It’s like the pain is stuck in pause mode and I can’t seem to get the play button to work. So here I am forever stuck in pain mode. Doomed to forever wallow in this misery called my life. Wanting to move forward but can’t….
What if you have a home but you don’t have a heart. What if instead of a heart you have a big gaping whole that every waking moment you are trying to find something to fill it with. And if you ever do find something to fill the void you hope that the pain will subside. But eventually you find that it doesn’t and probably never will. You eventually start to learn to live with the pain, even if it means that everyday that you get up to start your day you are in constant pain. But not the kind of pain that is visible to others so that they will stop and help. You’re living with the kind of pain that is internal and has no cure because you are the expert at what true pain is and you conclude that at this very moment there is no hope. No hope of getting better, no hope of getting back at what once was, no hope of feeling the way you used to all those years ago. Just..no..hope. That is where home is, wherever the person that carries the ties that bind with them.

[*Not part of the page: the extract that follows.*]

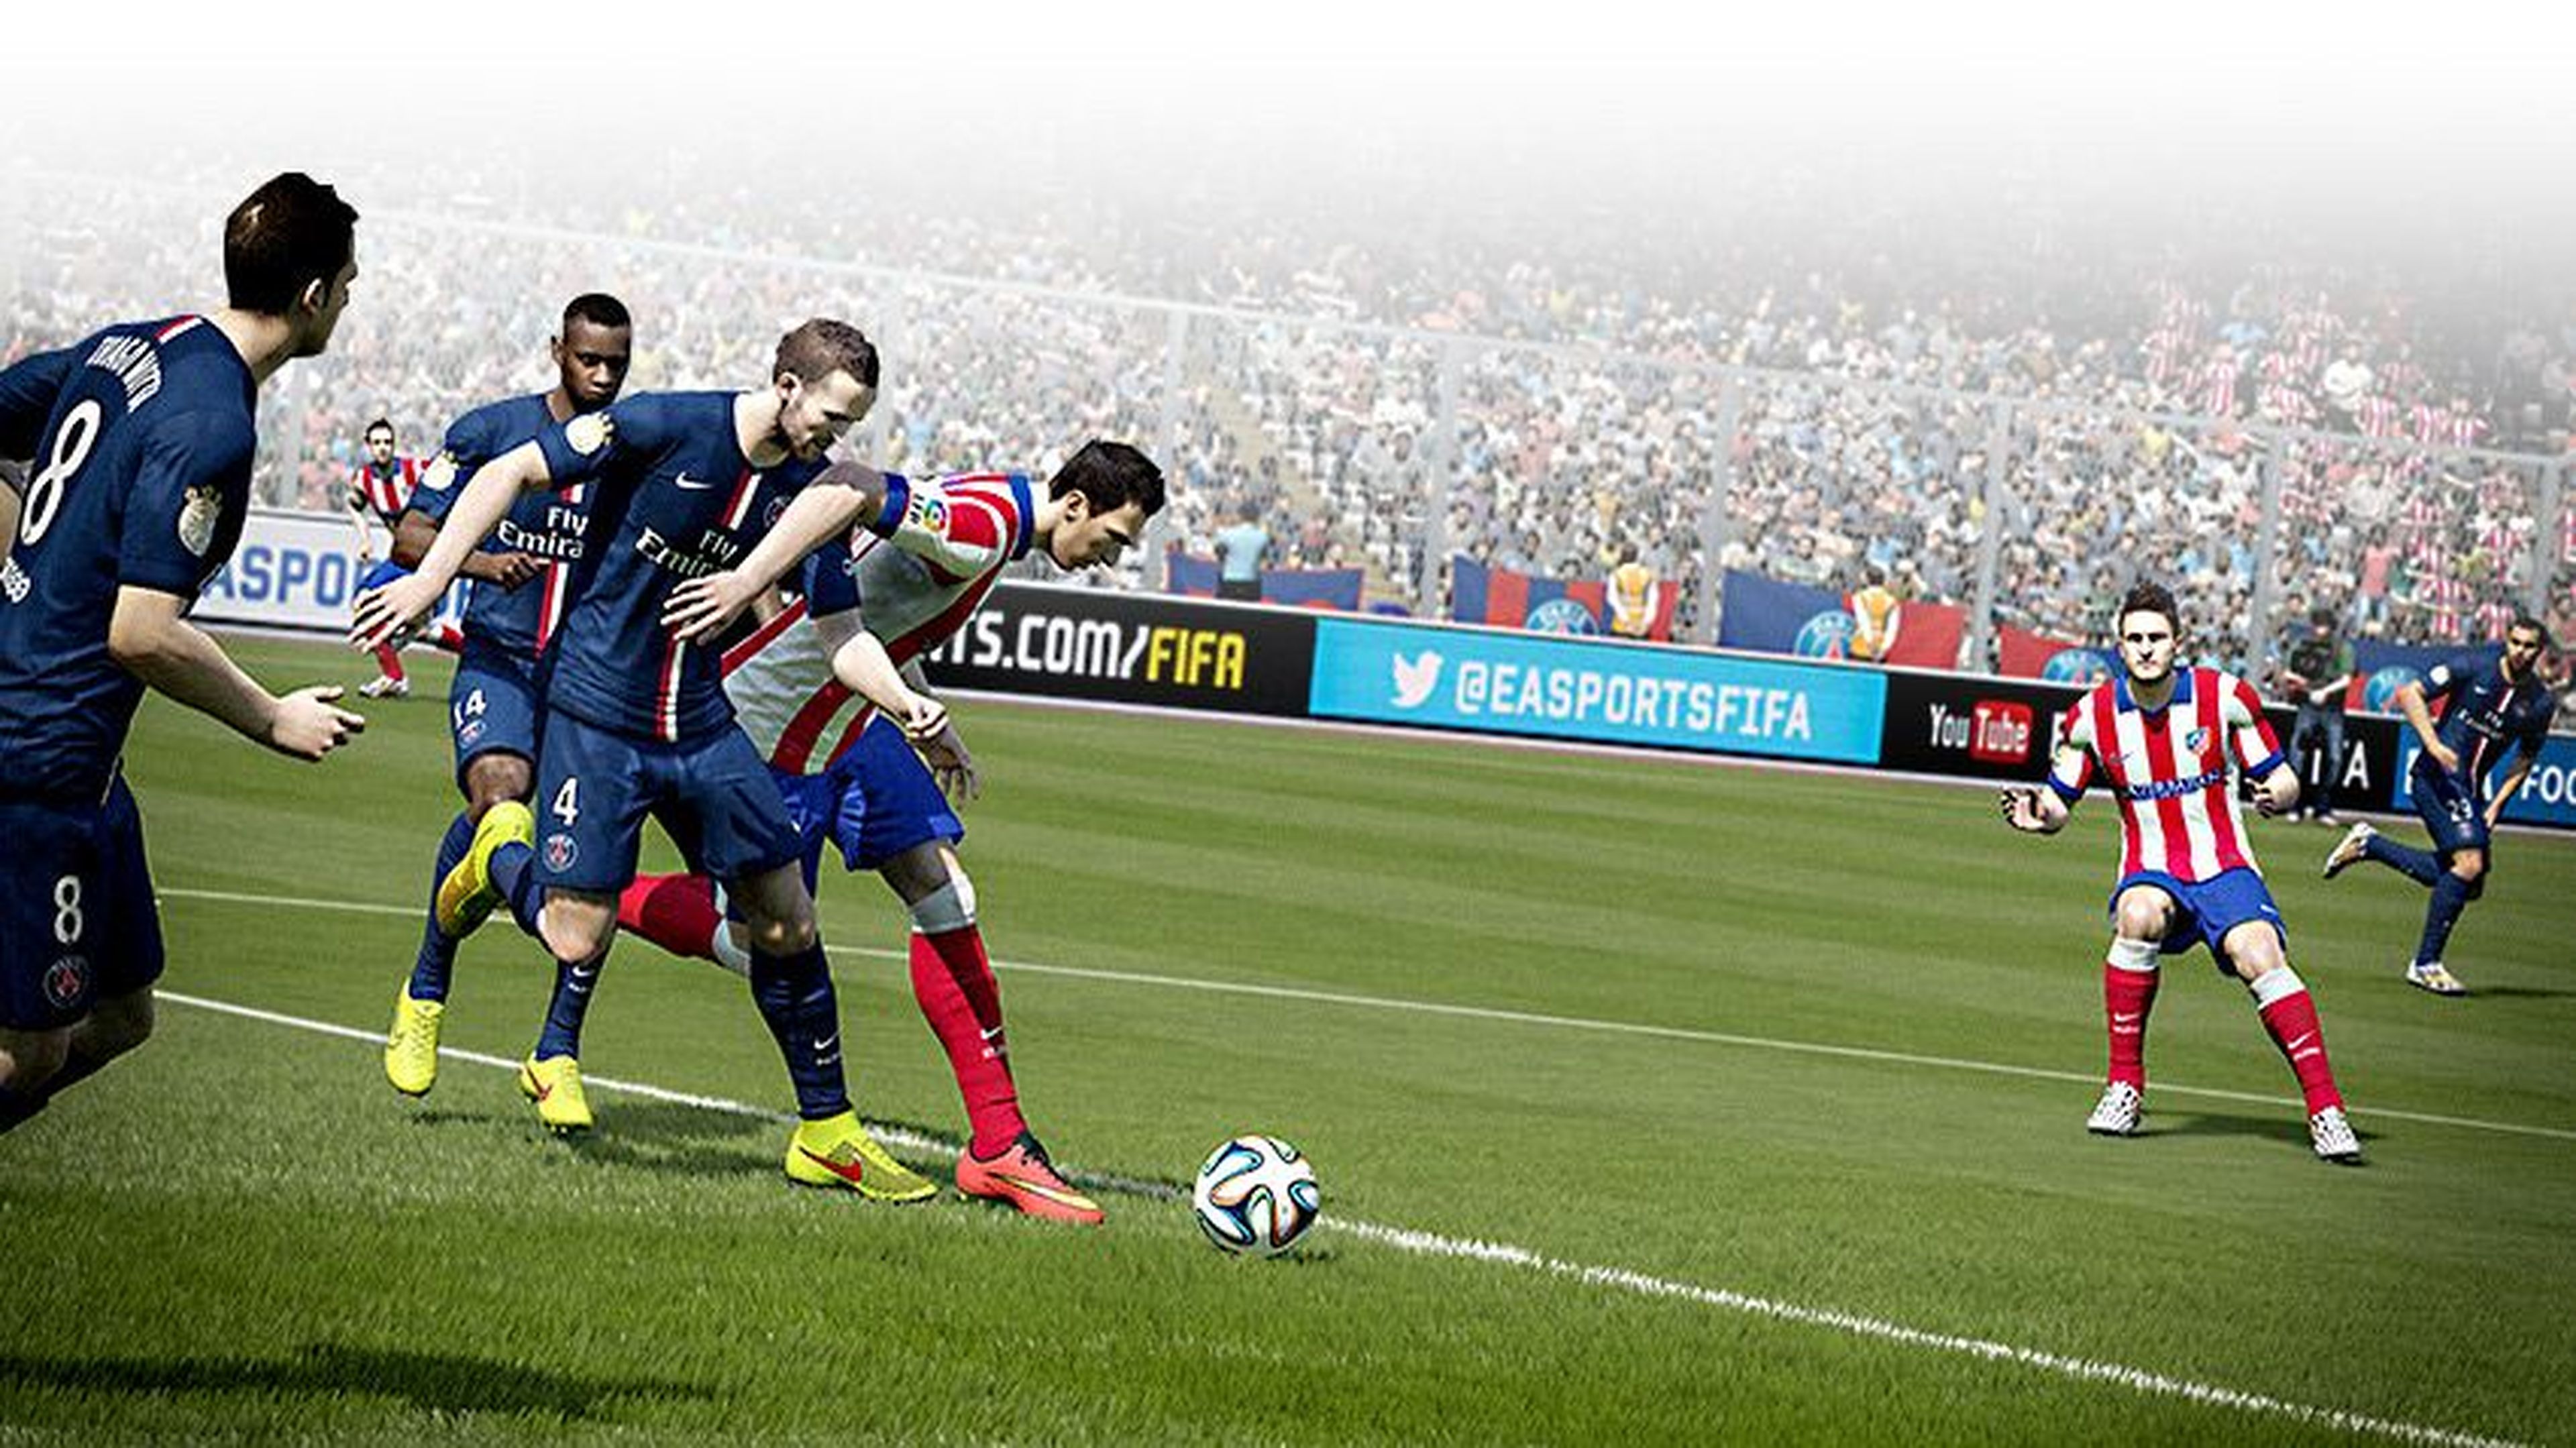 FIFA 15 estrena acceso anticipado en EA Access
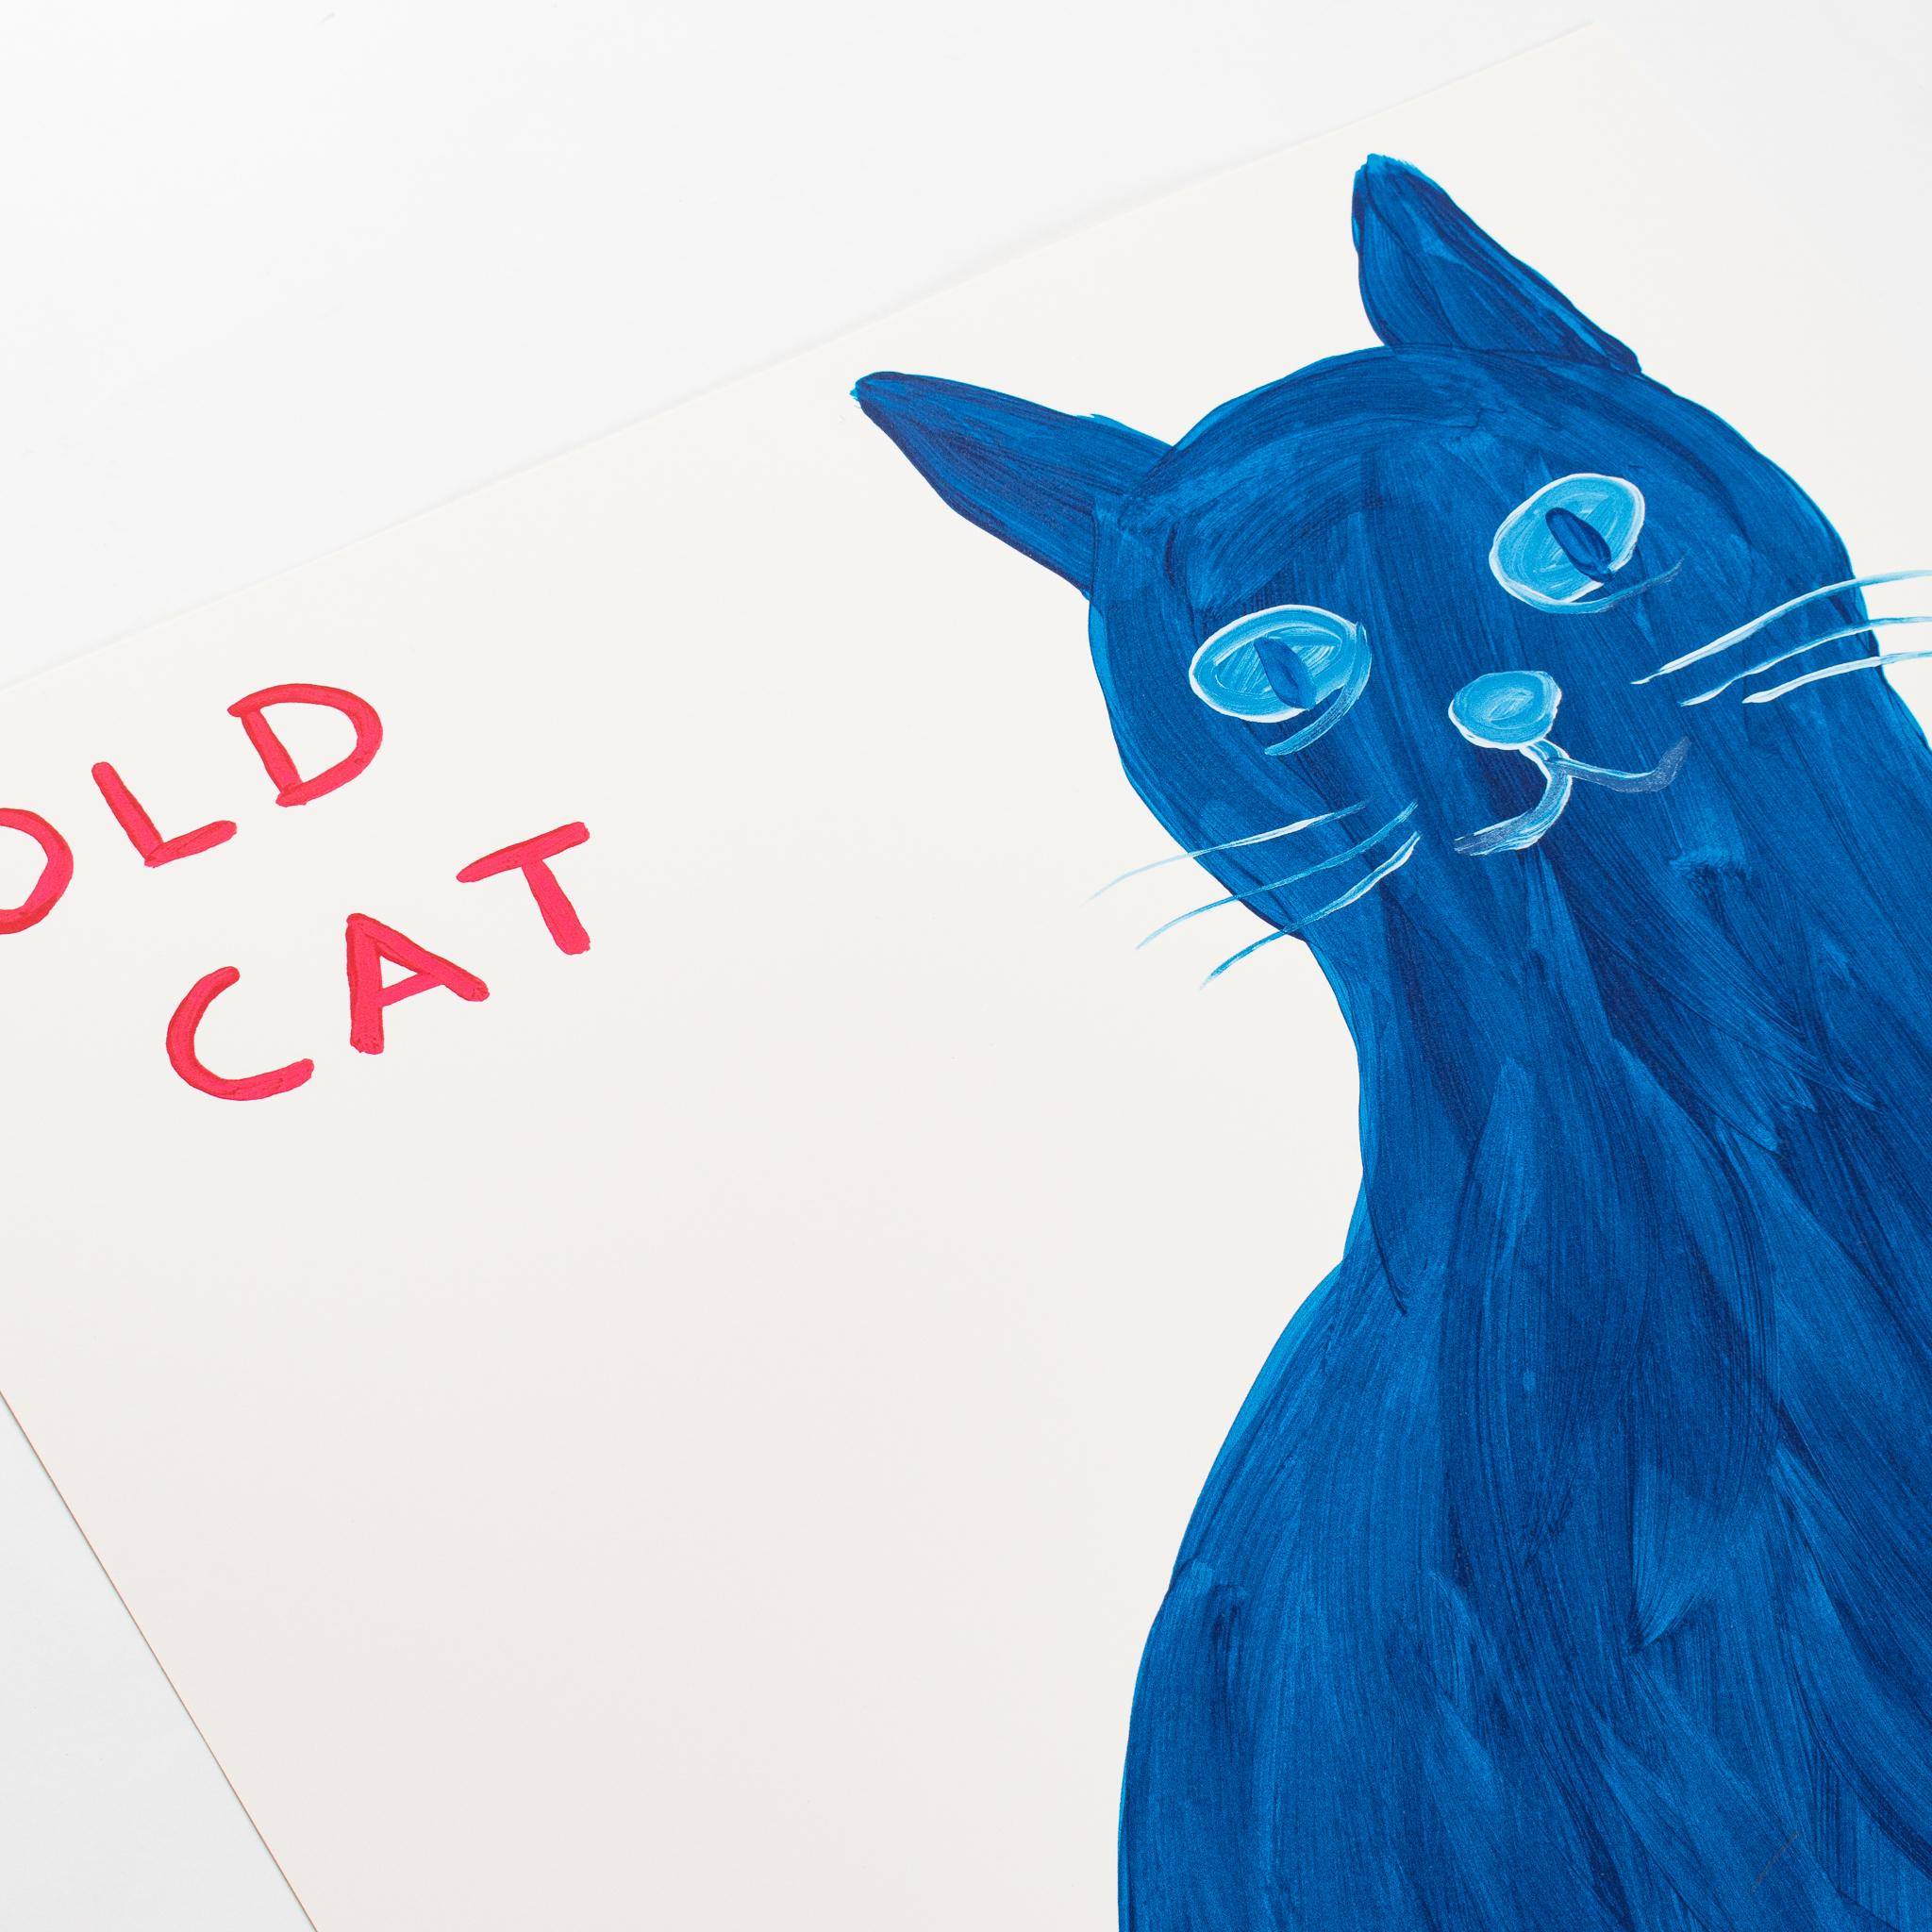 Old Cat - Print by David Shrigley

You know the people that make you so made just by their very presence? The people that always have something rude to say with every little thing that you do that consists of your daily routine? The people that would rather complain about something rather actually doing it for themselves? I have one of these people in my life and no matter how hard I try to get rid of her, she keeps latching back on like a starving leech. I guess you can’t really get away from someone when they’re part of your family. All you can do is live with them until you decide to go away to college or just to simply move out to start a life of your own. Away from it all, where you can be in your own world. Your own, sanctuary.